Work request ::
Transcribe this listing exactly; omit the pictures.

Data shown ::

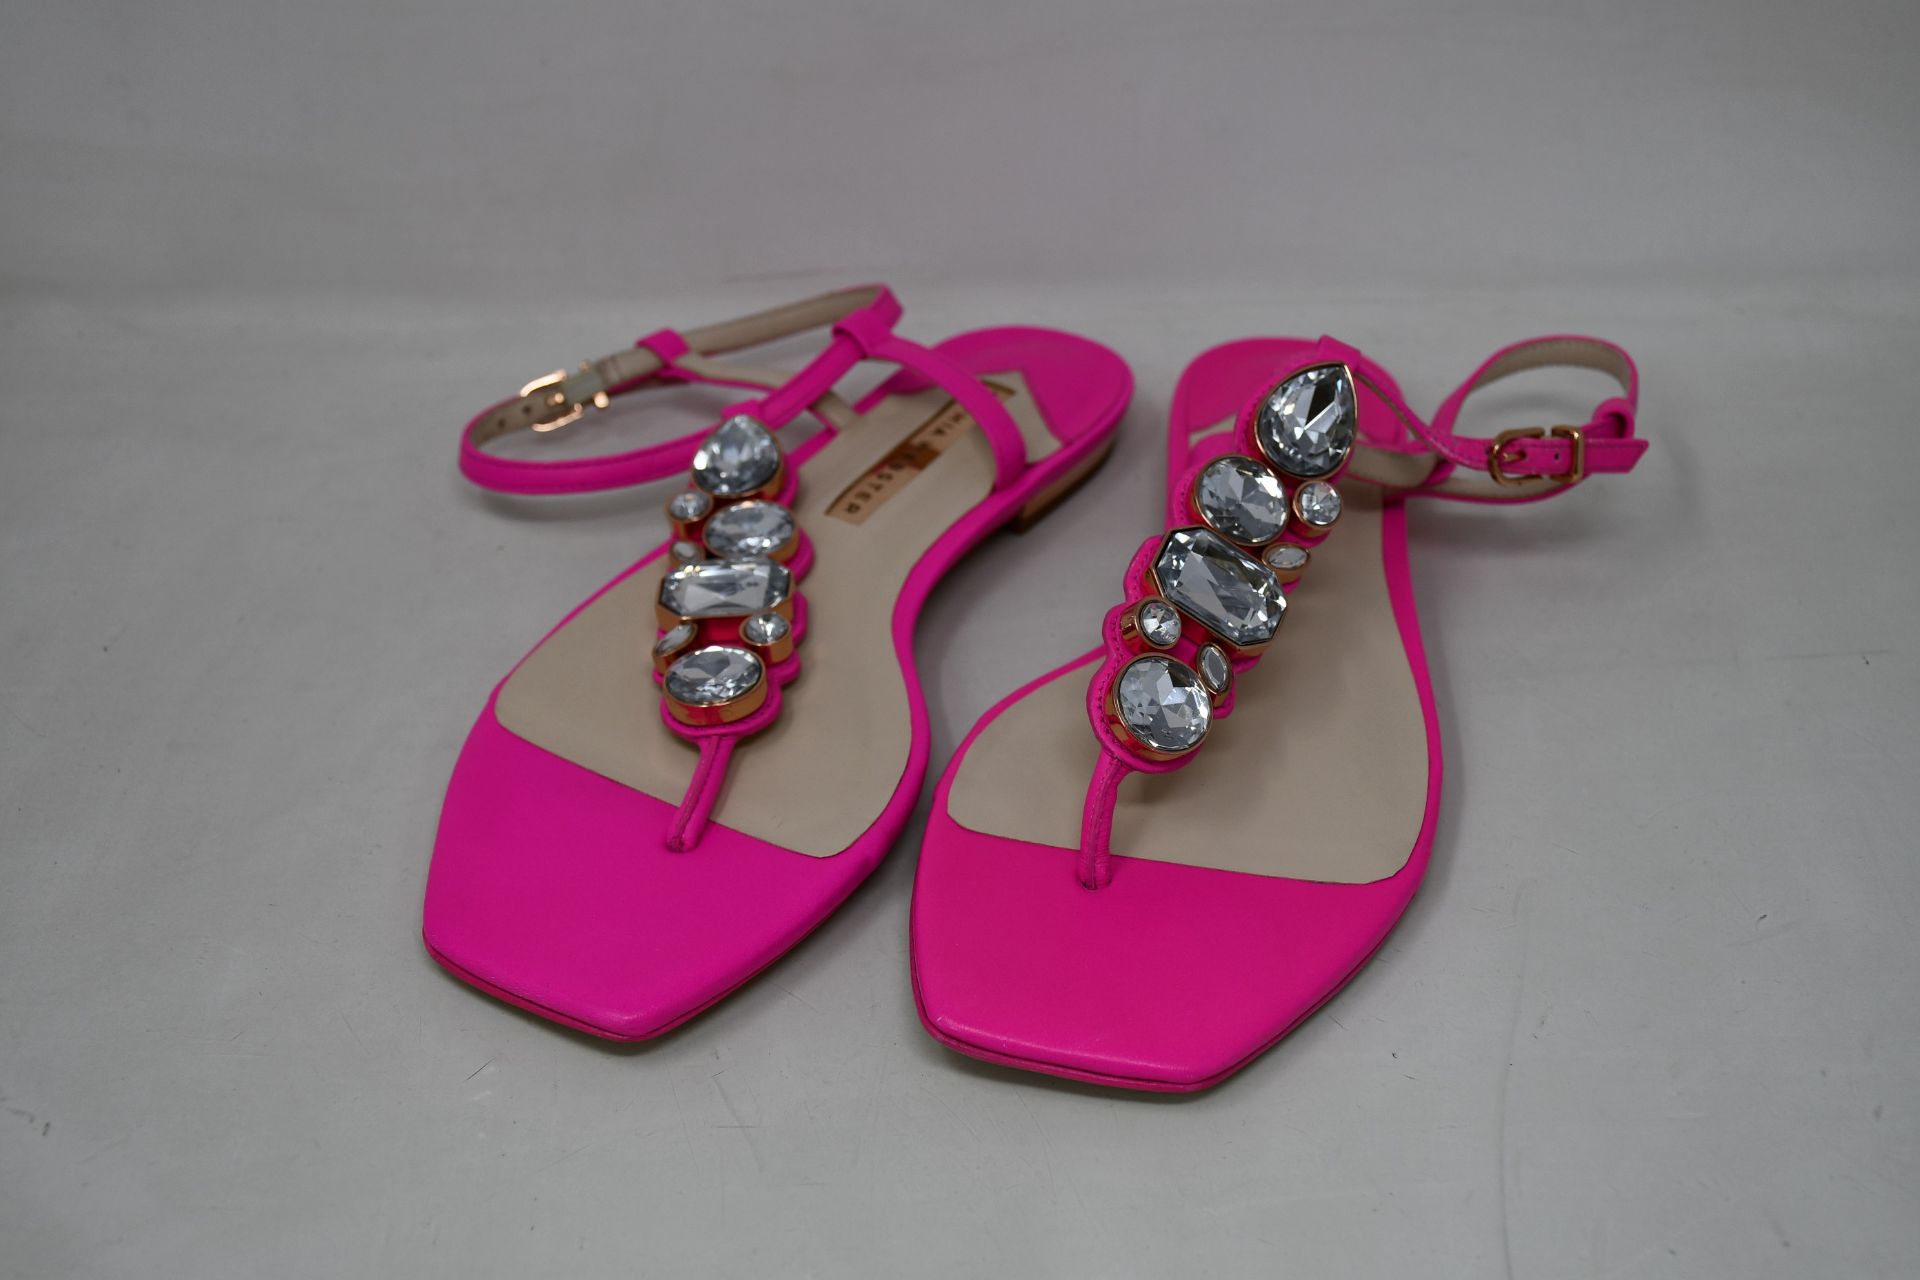 A pair of Sophie Webster pink gem studded shoes (EU 37, Possibly ex-display - No box).
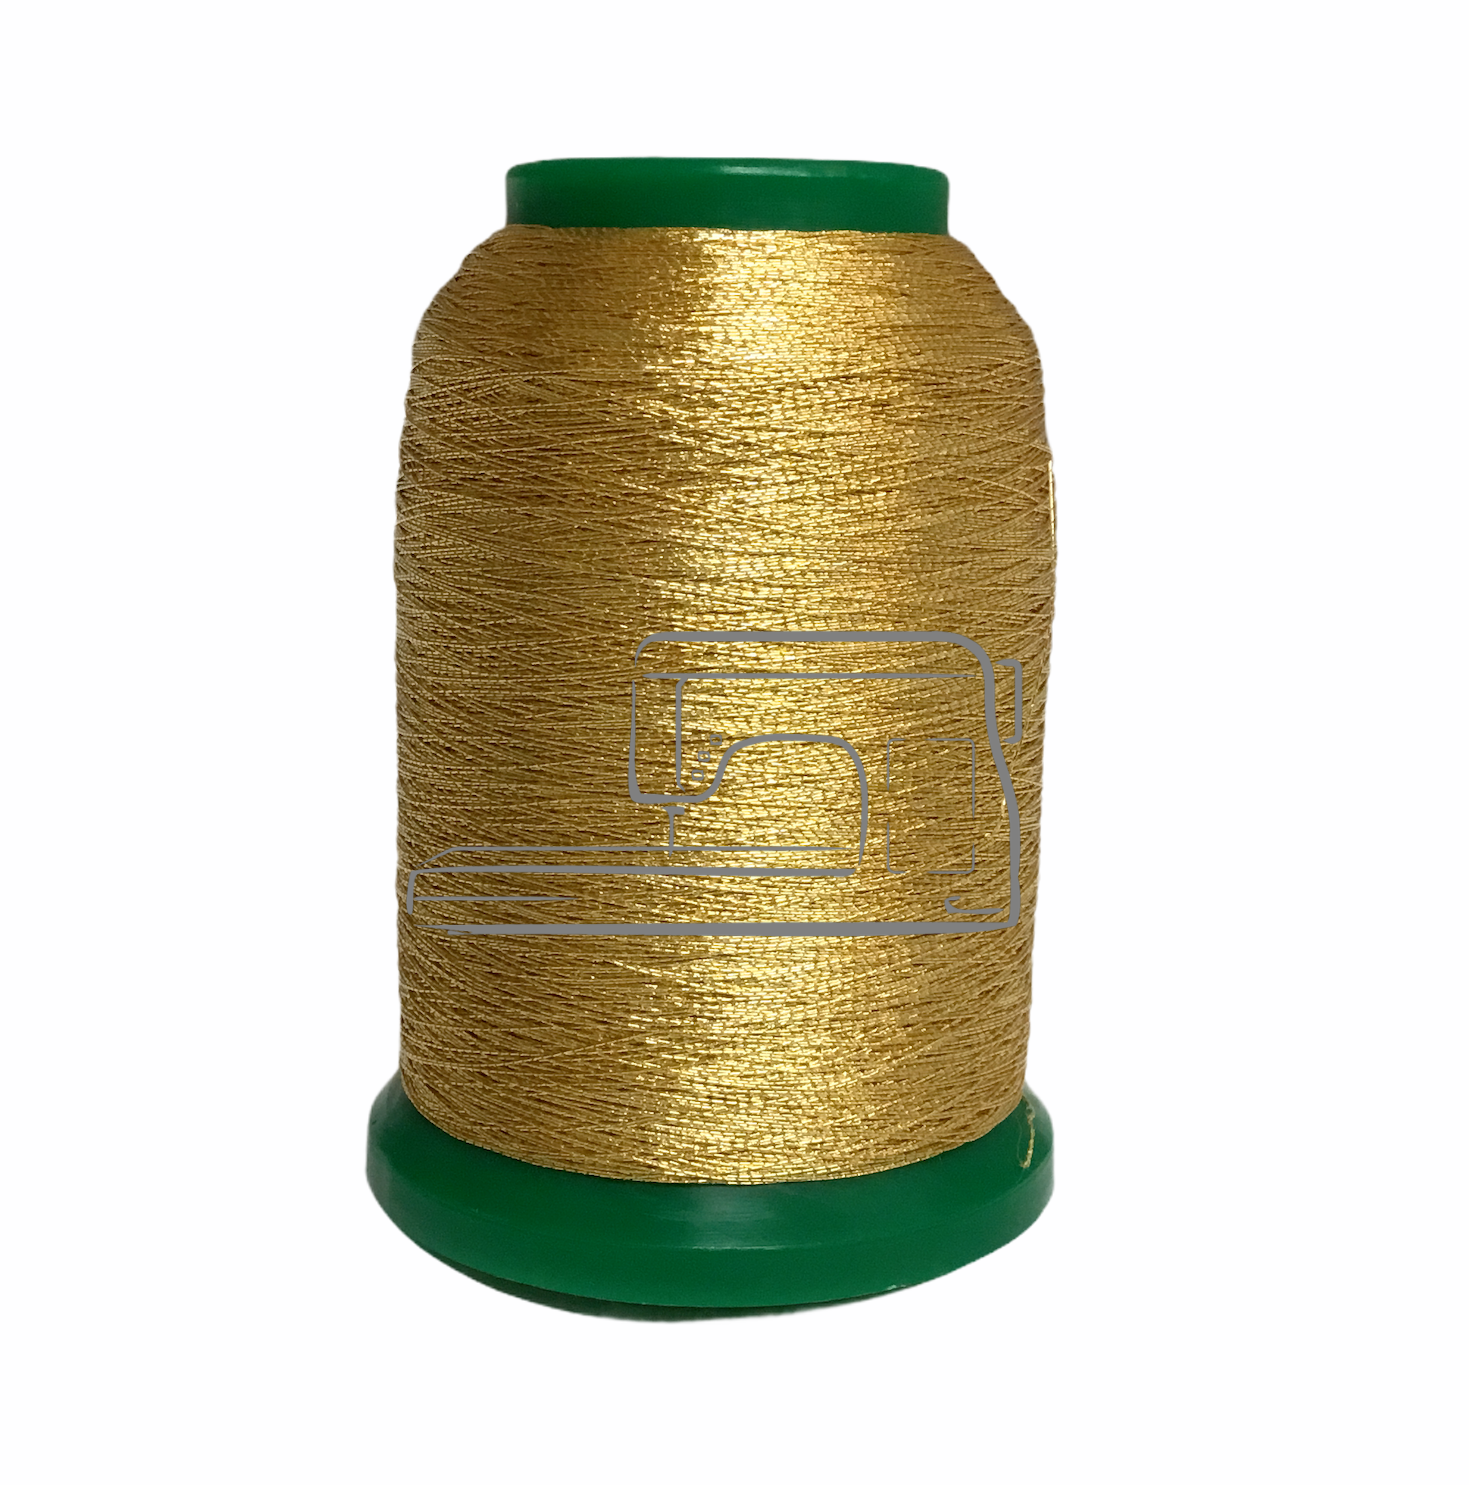 Isamet Isamet metallic thread 0500 1000 m for sewing and embroidery
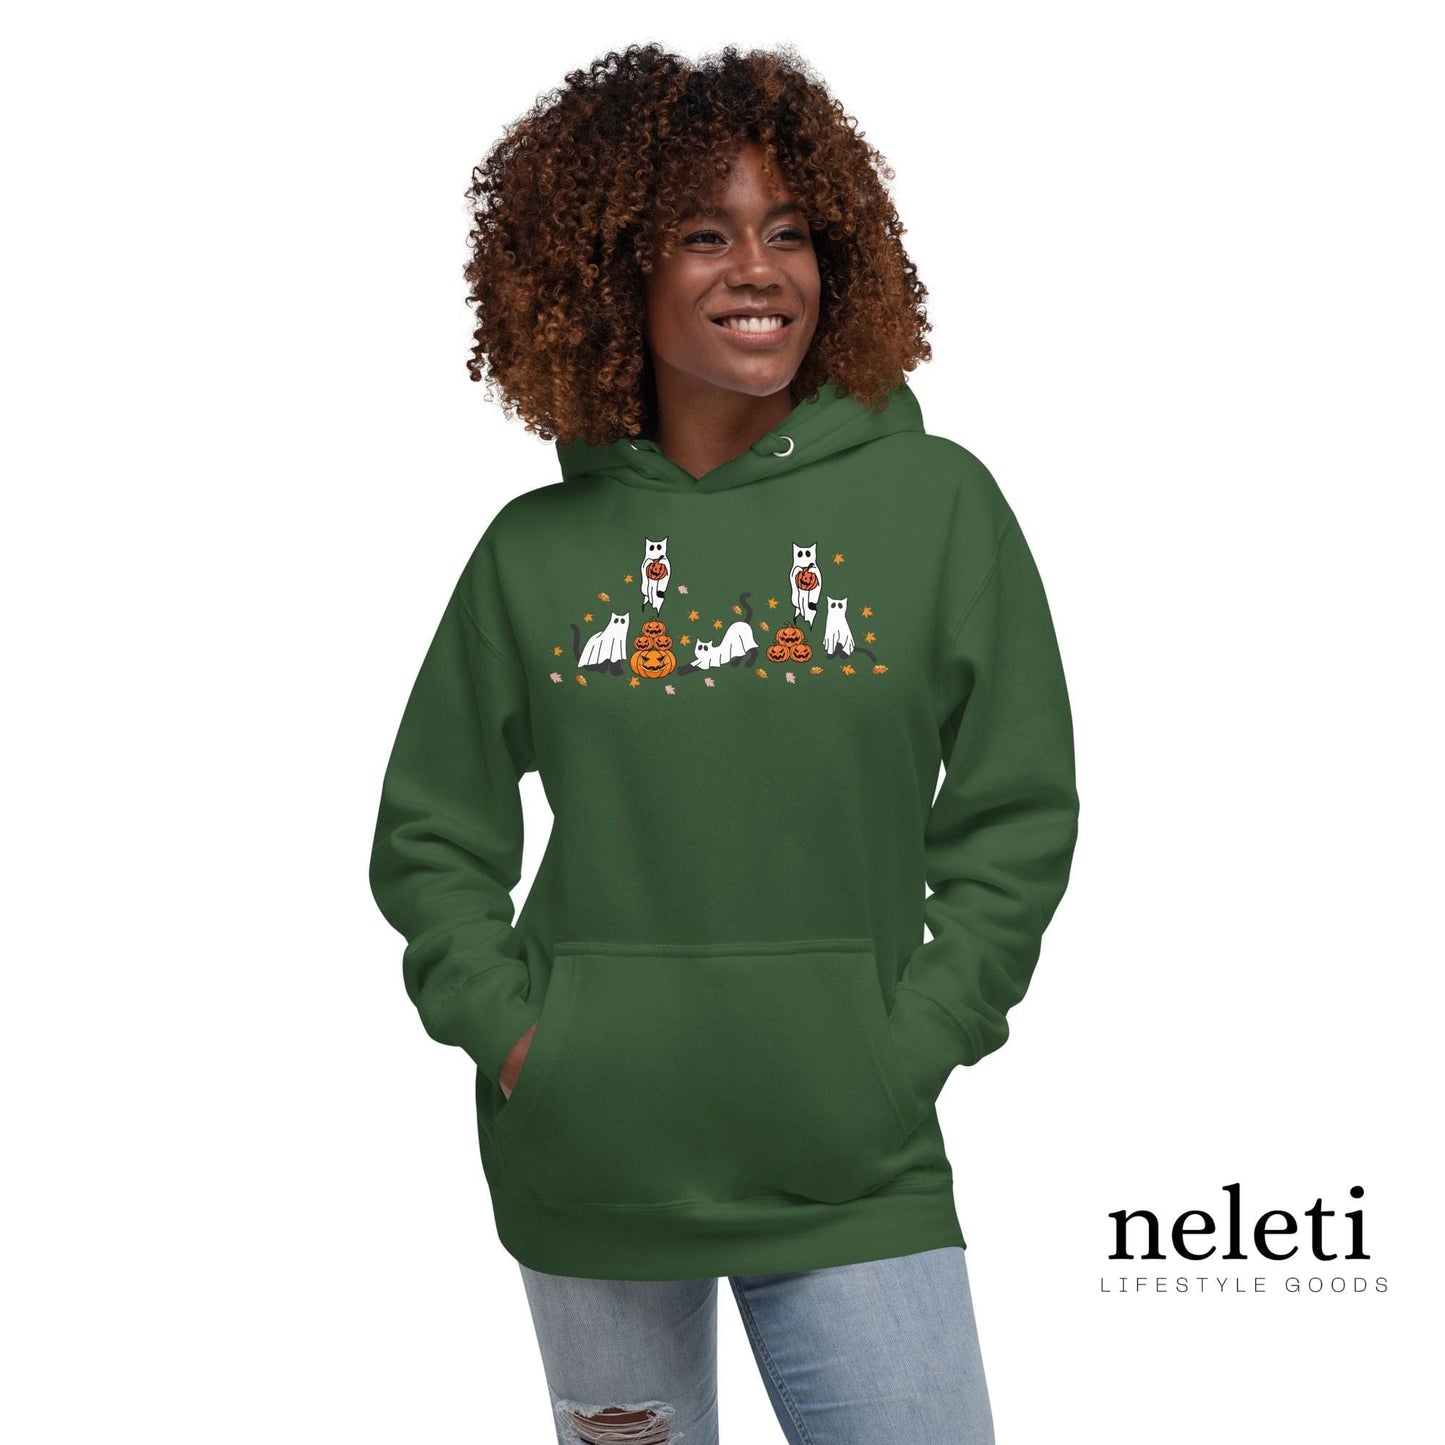 neleti.com-haloween-forest-green-hoodie-for-cat-lovers

Answer space ::
 A pair of Sophie Webster pink gem studded shoes (EU 37, Possibly ex-display - No box).
 Isamet Isamet metallic thread 0500 1000 m for sewing and embroidery
 neleti.com-haloween-forest-green-hoodie-for-cat-lovers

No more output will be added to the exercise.